Inside a small museum in Jpentown, San Francisco, there is a powerful message about atrocities of the atomic bomb.
Rosalin Tonai, director of the National Japanese American Historical Society, said, “The American bomb is seen as a beautiful mushroom cloud, and the Japanese who were on the ground, see them as ground zero, destruction, 70,000 people who have lost their lives in a moment.”
In this summer, NJHS revived an exhibition of 30 years ago, to recall victims of Hiroshima and Nagasaki atomic atomic bombs that fell in Japan on 6 and 9, 1945, the United States.
Two bomb blasts ended World War II, with Japanese surrendering on August 15 after less than a week.
The exhibition also includes a single relic that serves as a Satta Yaad, a doll that was recovered from the debris in Nagasaki.
“An American family brought it and told us that they had kept it in all these years. It was given to them by a family that survived the nuclear explosion,” Tonai said.
Survivor stories are the ones who want Tonai to experience and understand. The performance already consumes those who survived nuclear explosions, including Jack Deriki, who still live in San Francisco.
Diarici was a Japanese American child who was visiting a family in Hiroshima, who was trapped in Japan due to war. On August 6, 1945, he was outside a factory on the outskirts of the city when the first bomb fell.
“We saw three aircraft coming on us,” Deriki said, during an interview with KPIX. “At that time, the bomb exploded, all the factory windows went out, it flew from the top of my head. My weight was 100 pounds and floating in the air.”
And now a new documentary is highlighting the devastation titled “Nuclear Eco” by filmmakers Victoria Kelly and Karin Tanbe.
,Some Americans think what happened under the mushroom cloud, “Tanabe said.” We all see the same image, which actually covers atrocities, and then we stay there in history books. ,
Tanbe’s great -grandfather was part of an attempt to rebuild in uncle Hiroshima.
Kelly’s grandfather was an American drug sent to Nagasaki, who saw the effects of the summit radiation disease. He was suffering from PTSD and died at the age of 42.
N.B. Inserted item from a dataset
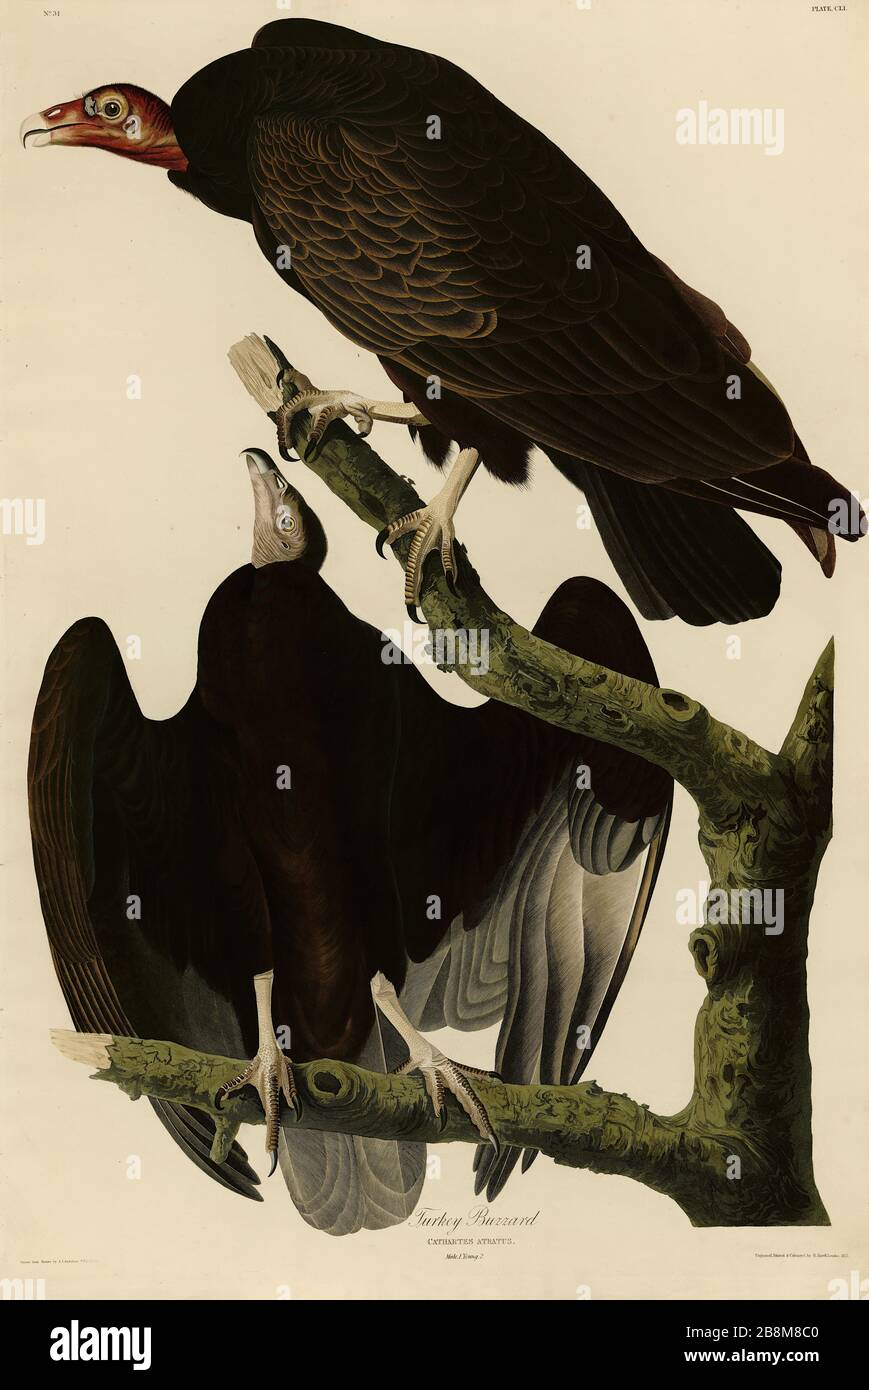 Plate 151 Turkey Buzzard (Vulture) from the Birds of America Folio (1827–1839) di John James Audubon - immagine modificata ad altissima risoluzione e qualità Foto Stock

Filmmakers interviewed several other American Medics, who were sent to Japan 45 days after the bomb blasts.
Kelly said, “They were really torn, they were really proud of their service, and they all said, you know, we were there, and we can never re -do these bombs because they were the worst things we have ever seen,” Kelly said.
For Tonai, she believes that this topic is still relevant today and is still important to talk.
“We are CUSPS of an atomic buildup, and this is actually a call for world peace,” he said. “So, we really need to take a stagnation and take a look at human costs and consequences of a possible nuclear outcome.
He hopes that the history that happened eight decades ago will never repeat himself.